Tuesday, November 15, 2022

The State Of Viable Supersymmetry Parameter Spaces

There are still plenty of high energy physics theorists clinging to supersymmetry theories (a.k.a. SUSY), in part because many theorists believe that SUSY theories are necessarily the low energy approximations of all string theory vacua. In other words, if SUSY is falsified, so is string theory in the eyes of many theorists. An abstract of a report from a group of physicists trying to make the case for the continued viability of SUSY is below.

A few observations:

1. The new anomalous CDF W boson mass measurement is disfavored even in a SUSY context. Also, like most physicists advancing BSM theories, the analysis ignores the fact that the new CDF W boson mass measurement is far out of step with all of the prior W boson mass measurements around the world which also have to be explained by any theory. The only plausible explanation is that the anomalous CDF W boson mass recalculation is wrong.

A new global electroweak fit, likewise, confirms that the anomalous CDF W boson mass recalculation is completely inconsistent with all other data.

2. SUSY needs the muon g-2 anomaly to fit the data in any low energy parameter space. But, if the BMW calculations of the Standard Model value of muon g-2 and alternative calculations of the hadronic light by light contribution to muon g-2 are correct, as is increasingly appears to be the case, while the Theory Initiative "data driven" hybrid calculations of the Standard Model value of muon g-2 are wrong, then low energy SUSY simply can't be fit to the experimental data. This strongly suggests that SUSY is not "just around the corner" waiting to be discovered at a next generation higher energy particle collider.

3. Needless to say, there is no direct experimental evidence of any SUSY particles to date at the LHC or anywhere else which means that any SUSY particles have to have masses above the electroweak mass scale it was designed to address. Direct exclusions of SUSY push its particles close to and beyond the TeV scale. No version of SUSY with parameters consistent with experimental constraints solves the hierarchy "problem" that it was original devised to address.

4. A thermal freeze out scenario for SUSY dark matter candidates can produce the right amount of dark matter inferred in the universe in a dark matter particle paradigm. 

But the authors conveniently ignore that direct dark matter detection tests that basically rule out a lightest neutralino dark matter candidate, because the cross-sections of interaction with ordinary matter are weaker than they should be in a SUSY theory. The cross-section of interaction of the lightest neutralino can be calculated precisely from theory in SUSY theories and should be comparable to the cross-section of interaction of ordinary neutrinos. The direct dark matter detection experiments place constraints on the cross-section of interaction which are many orders of magnitude smaller over a very large mass range. 
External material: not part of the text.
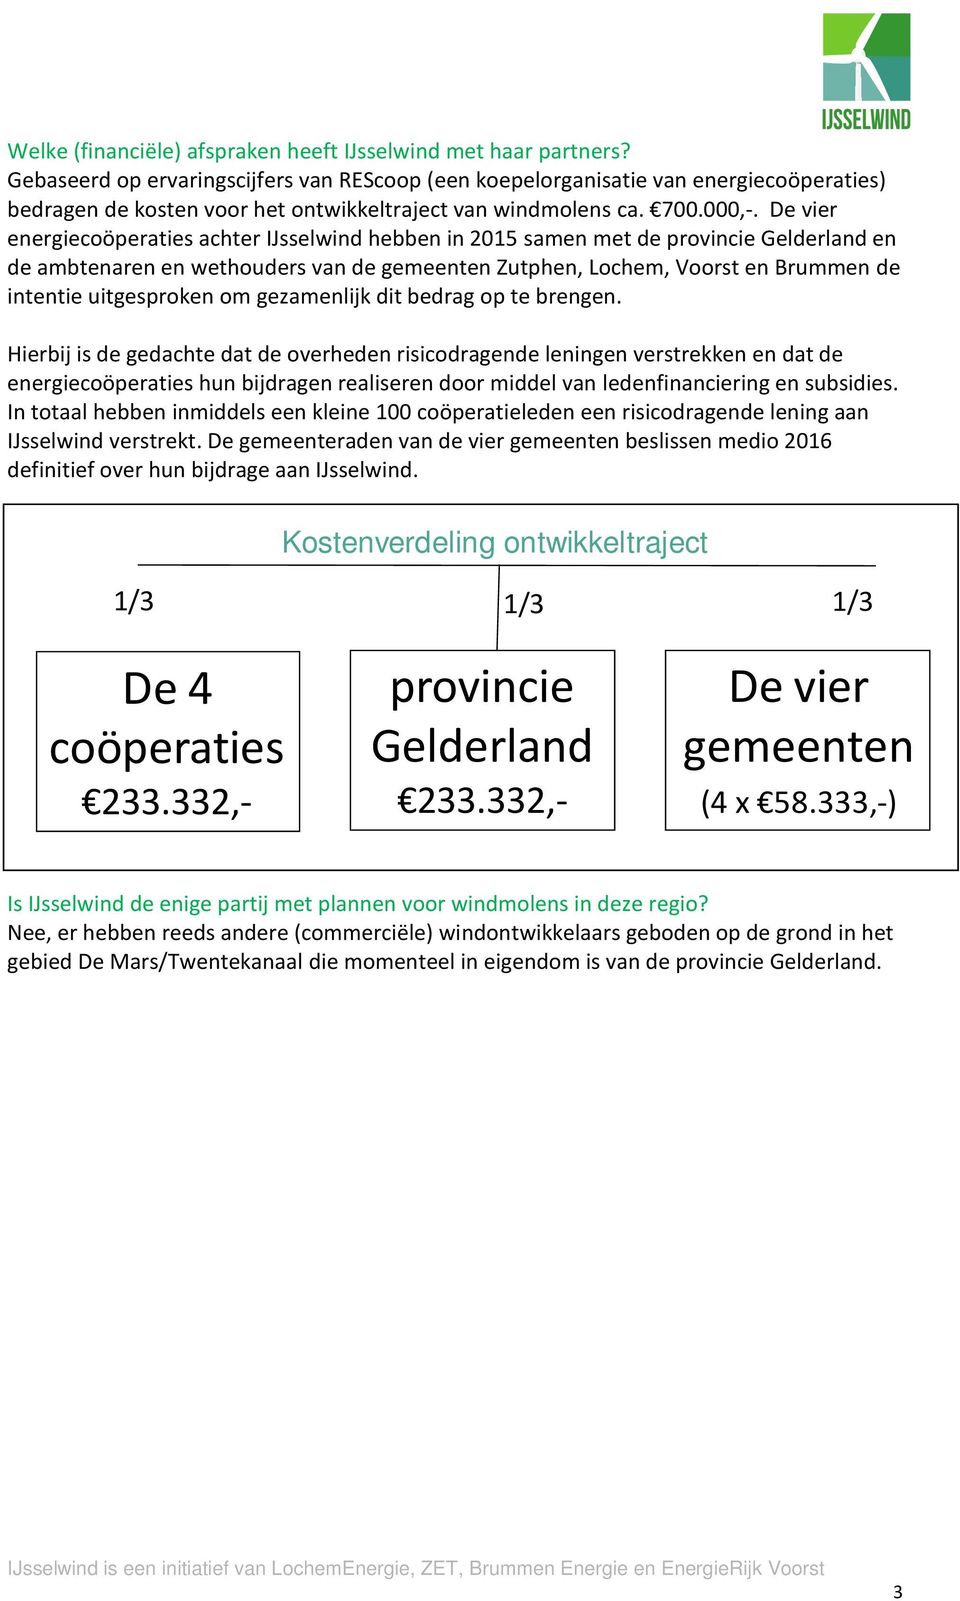 De vier energiecoöperaties achter IJsselwind hebben in 2015 samen met de provincie Gelderland en de ambtenaren en wethouders van de gemeenten Zutphen, Lochem, Voorst en Brummen de intentie
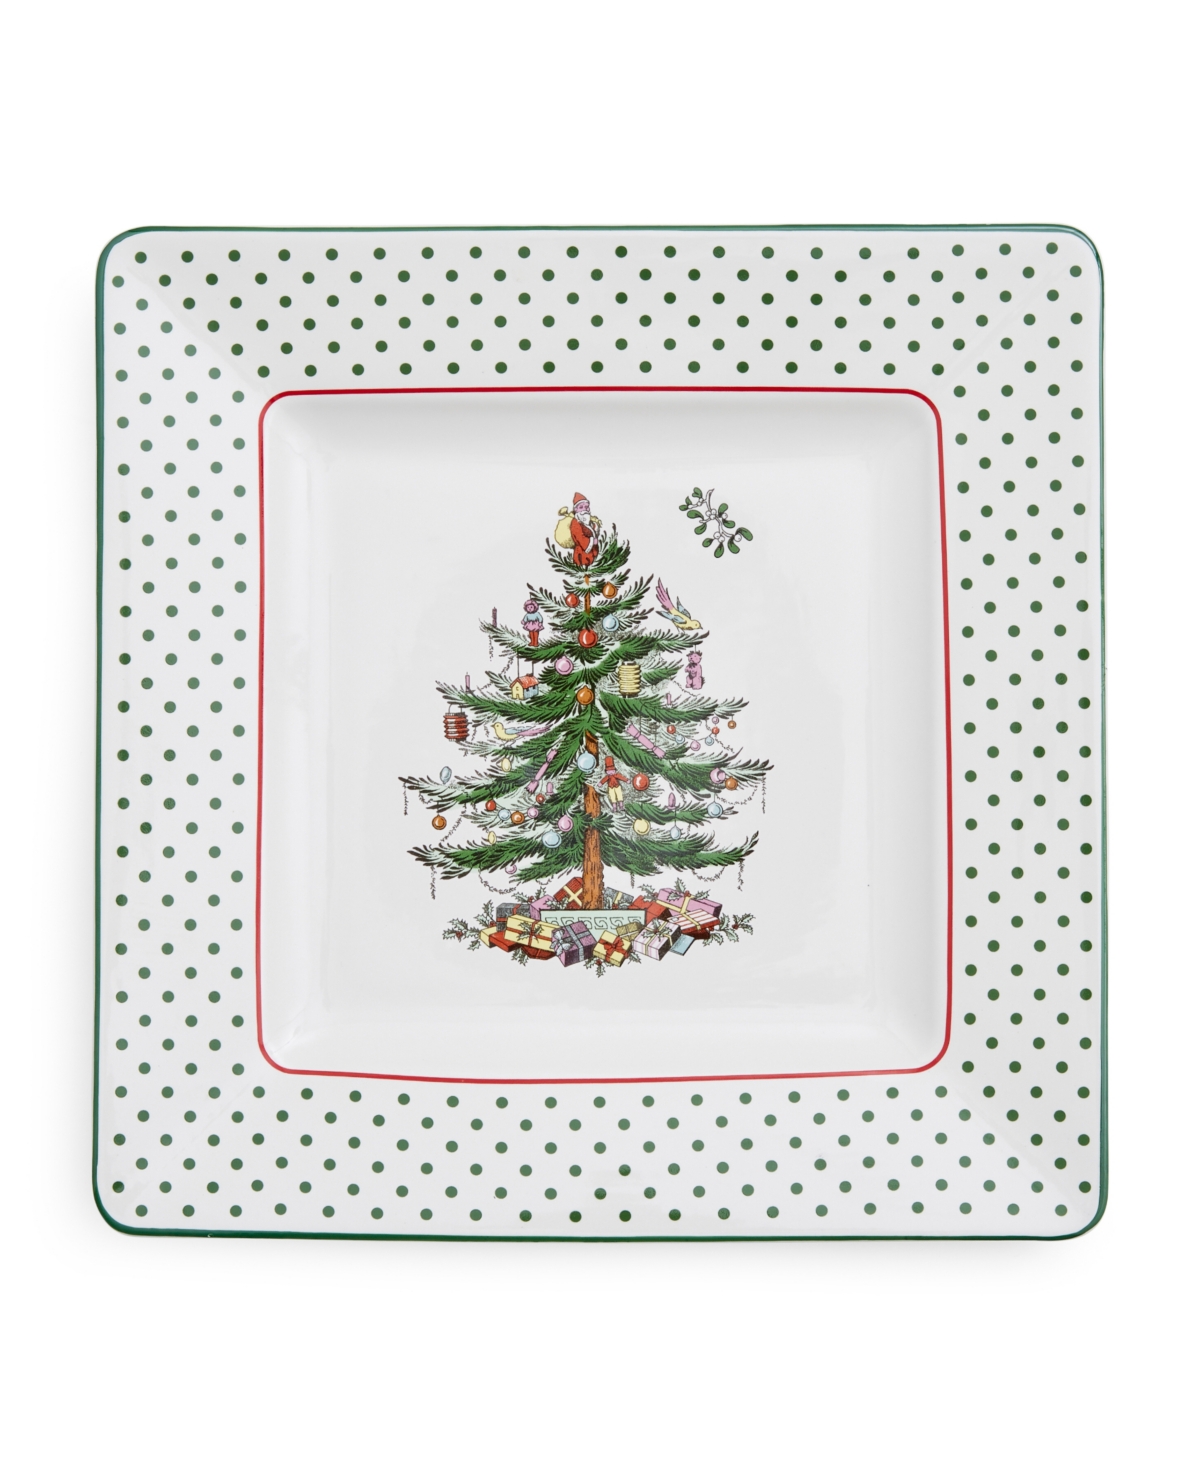 Spode Christmas Tree Polka Dot Square Platter, 10" L In Green

Other constraints disfavor heavy thermal freeze out SUSY WIMP dark matter particle candidates, which would, among other things, lead to more galaxy scale structure in the universe than we observe.
This is a brief overview on the low energy supersymmetry in light of current experiments including the LHC searches, the dark matter (DM) detections, the muon g-2 and the CDF II measurement of the W-boson mass. We focus on the minimal framework of supersymmetry, namely the minimal supersymmetric model (MSSM), and obtain the following conclusions: (i) The MSSM can survive all current experiments, albeit suffering from the little hierarchy problem due to the heavy stops pushed up by the LHC searches; (ii) The DM relic density can be readily achieved by the thermal freeze-out of the lightest neutralino and the null results of DM direct detections are typically driving the parameter space to the bino-like lightest neutralino region; (iii) The muon g-2 anomaly reported by FNAL and BNL can be explained at 2-sigma level, which indicates light sleptons and electroweakinos possibly accessible at the HL-LHC; (iv) The CDF II measurement of the W-boson mass can be marginally explained, but requires light stops near TeV which may soon be covered by the LHC searches.
Jin Min Yang, Pengxuan Zhu, Rui Zhu, "A brief survey of low energy supersymmetry under current experiments" arXiv:2211.06686 (November 12, 2022) (Proceedings of the LHCP 2022 conference).


neo said...

what do you think is the most likely BSM particles with in the next 20 years

andrew said...


A spin-2, zero rest mass, graviton that couples proportionately to mass-energy with a coupling constant strength that is a function of Newton's constant.

neo said...

how will this be verified before 2040

andrew said...

There are a variety of proposed observational ways to identify quantum gravity which would imply a graviton mostly via premature decoherence of other otherwise quantum character interactions in stronger gravitational fields.